Catalysis By Design

The aim of the Catalyst By Design (Design) theme is to develop Fundamental knowledge of structure and mechanism promoting innovation. This theme focusses on i) Computational Modelling. ii) Use of cutting edge Facilities including synchrotrons such as Diamond Light source, neutron sources including ISIS and Laser facilities and iii)Multi scale and multi-technique approach: from nano- to macro.thise theme will be primarily hosted at the RCaH hub and will interact with all other themes.


- Project 1:  Developments in neutron scattering to characterise adsorbed species

This project seeks to develop the use of neutron diffraction techniques available at ISIS (eg NIMROD) to study adsorbed overlayers on catalyst surfaces in real time. One of the primary areas of work will be to investigate the poorly understood nature of catalyst deactivation and the formation of adsorbed carbonaceous material.


- Project 2:  Technical developments for probing the nature of the active site and catalytic mechanisms

This area of work focuses on one of the key benefits of the RCaH – its location and access to facilities on the RAL campus (Diamond, ISIS and the Central Laser Facility). The project will develop the techniques required for understanding the fundamental processes in catalysis; the nature of the active site at the atomic and molecular level, mechanistic pathways for enhancing catalytic synergy and deactivation.

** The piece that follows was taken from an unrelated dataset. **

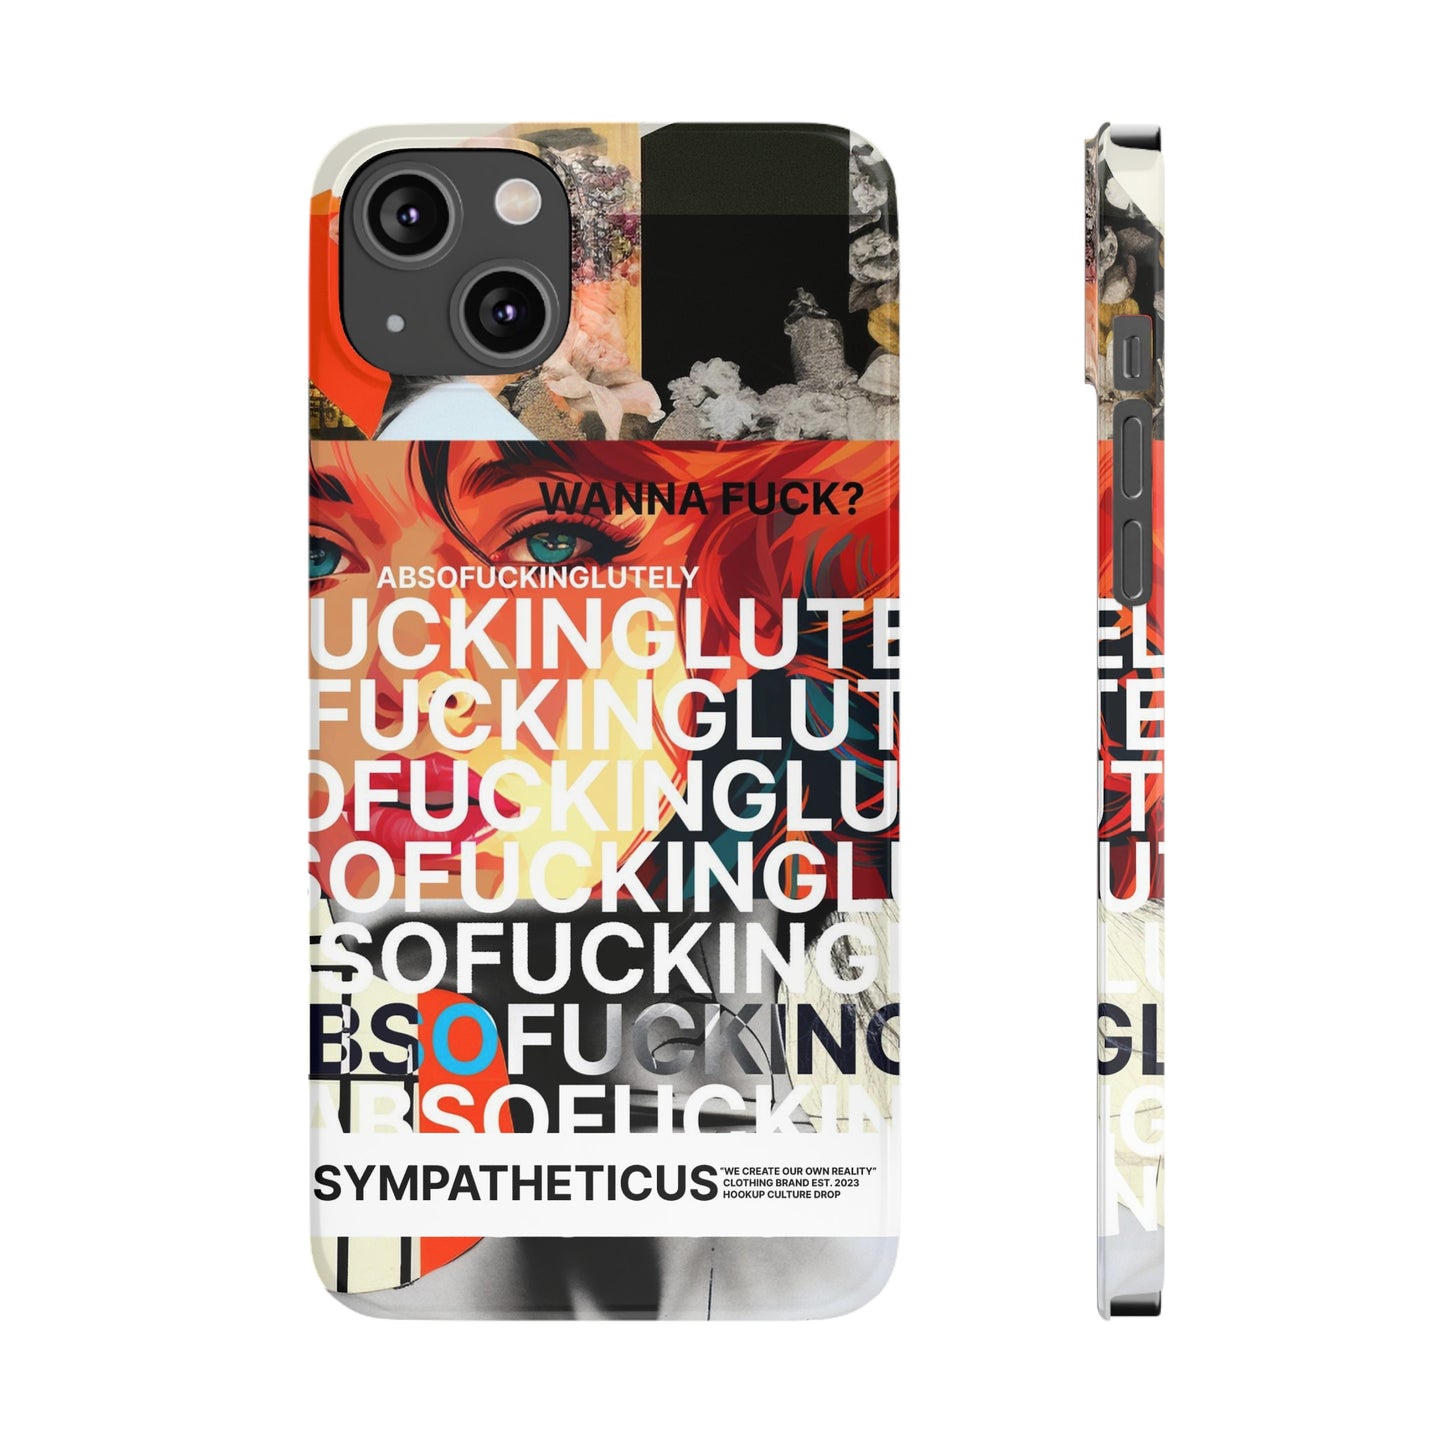 Hookup culture special iphone case-14

- Project 3:  Active-Site Design for Effecting and Affecting Catalysis at the Nano-scale

The aim is to (i) design novel stable monodispersed and multimetallic nanoparticles and clusters by controlling the crucial parameters of size, shape and morphology (ii) to understand the parameters for controlling final morphology and (iii) to study the effect of metal-support interactions.

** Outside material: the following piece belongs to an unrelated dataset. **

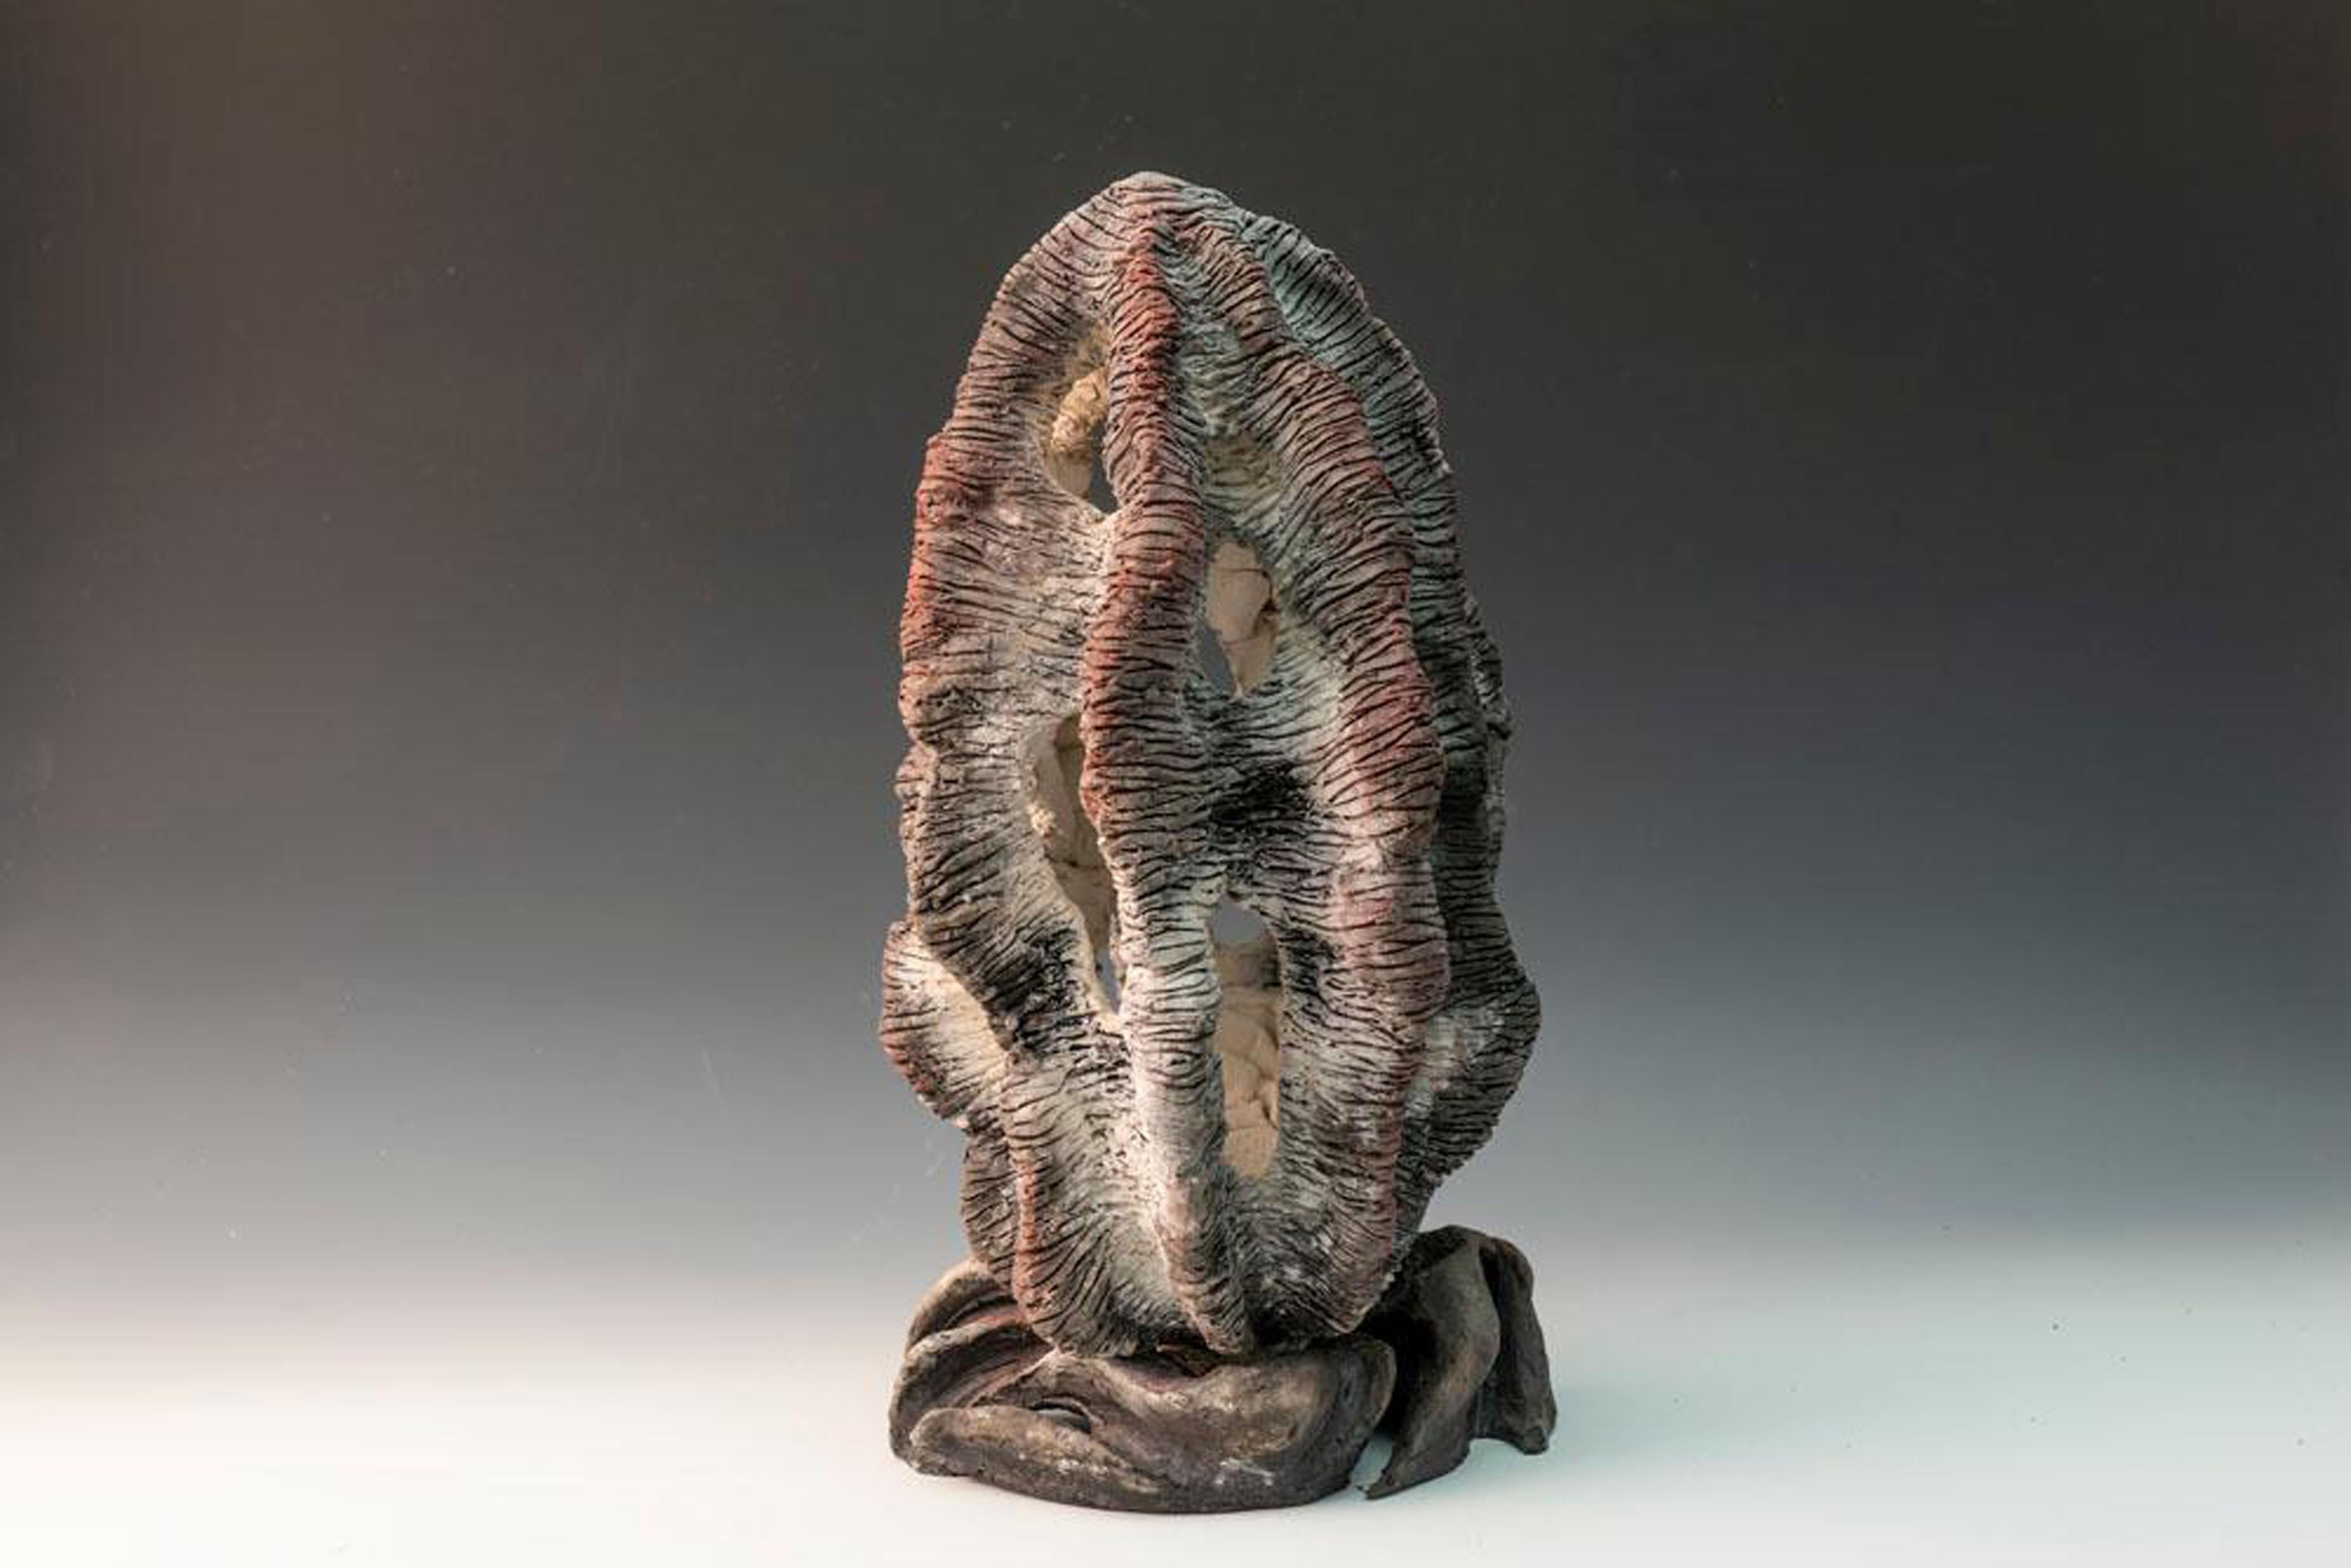 Allan Drossman Abstract Sculpture - "Captured Light", textured ceramic in grays and pinks, embodies essential clay

- Project 4:  Microporous and Hierarchical Architectures with Multifunctional Active Sites

A wide-range of microporous and hybrid hierarchical architectures containing a diverse array of active sites will be rationally designed. The main objectives are (i) understanding the fundamental principles associated with the design of active sites with atomic precision within molecular frameworks; (ii) probing the electronic and structural environment, at the molecular level, and (iii) eliciting catalytic synergies with controlled pore-apertures for maximising shape-selective, regiospecific and enantioselective catalytic transformations.

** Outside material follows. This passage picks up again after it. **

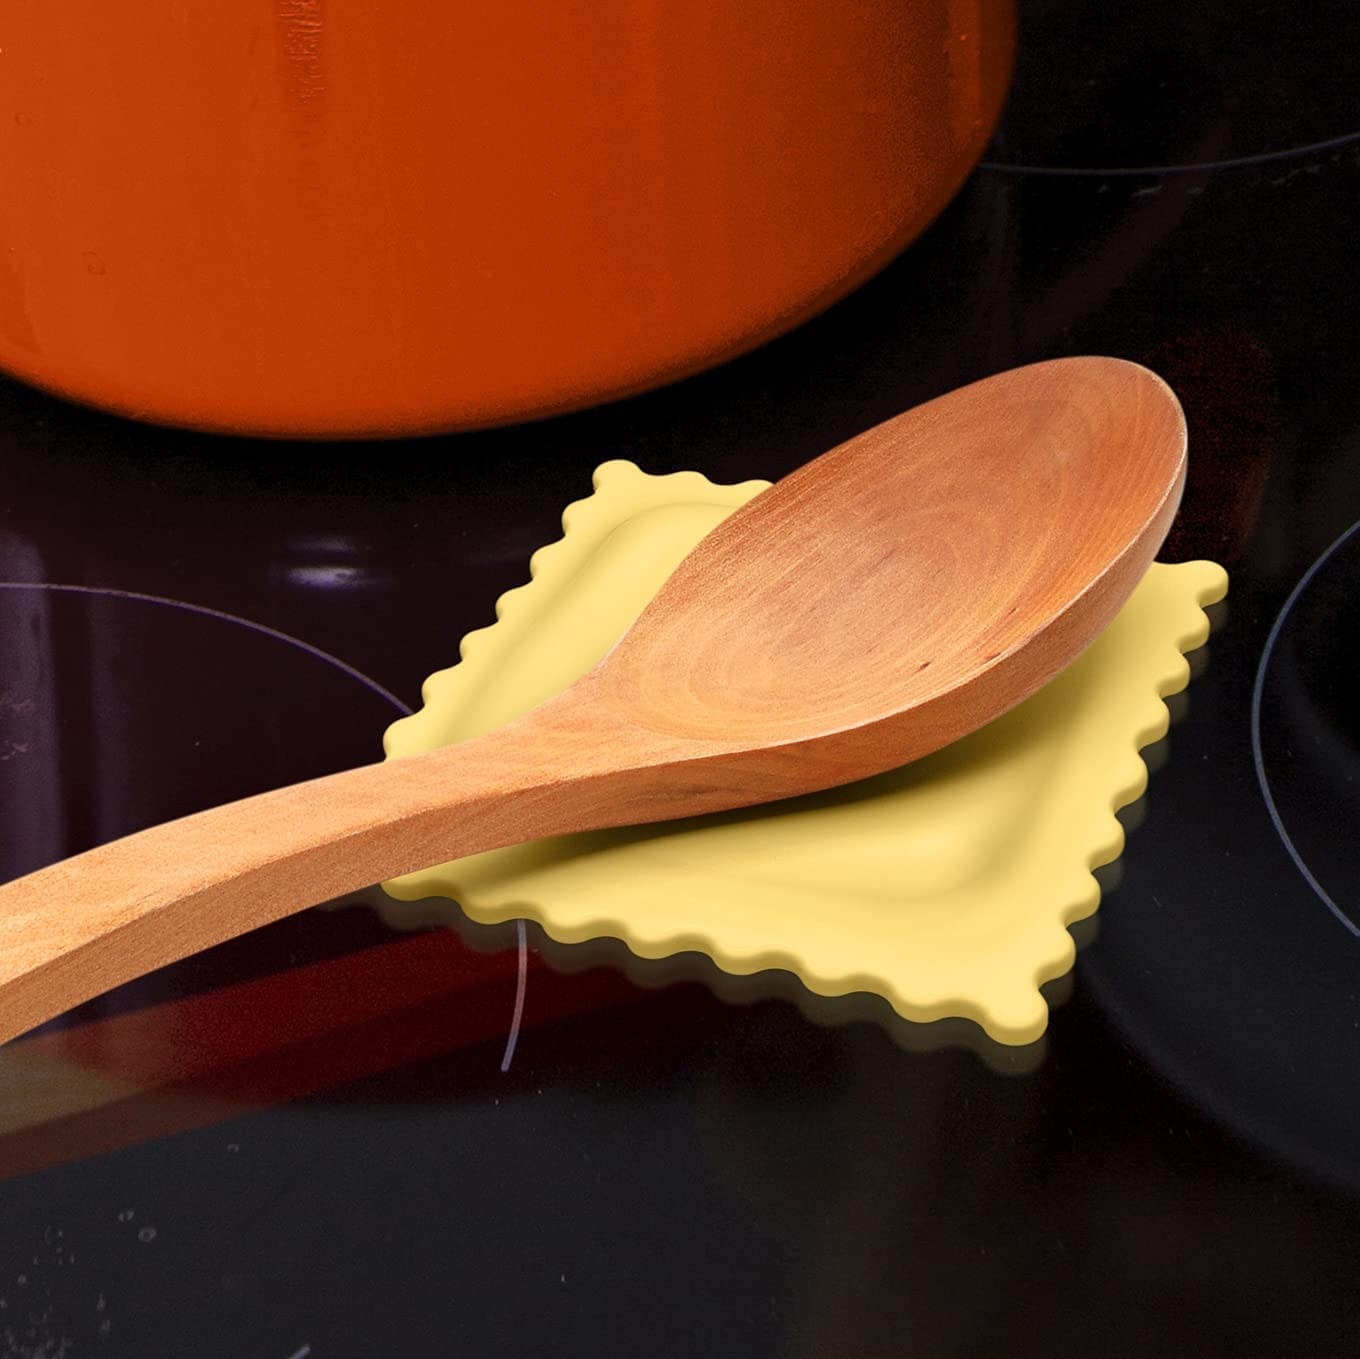 A spoon resting on the pasta themed spoon rest

- Project 5:  Multiscale modelling of catalytic pathways and kinetics

The project aims to develop a multiscale modelling framework for catalyst and reactor design, ranging from the molecular to the reactor-scale. The framework will employ first-principles methodologies at the nano-scale, kinetic Monte Carlo (KMC) at the micro-scale, micro-kinetic models at the meso-scale, and CFD and reactor models at the macro-scale.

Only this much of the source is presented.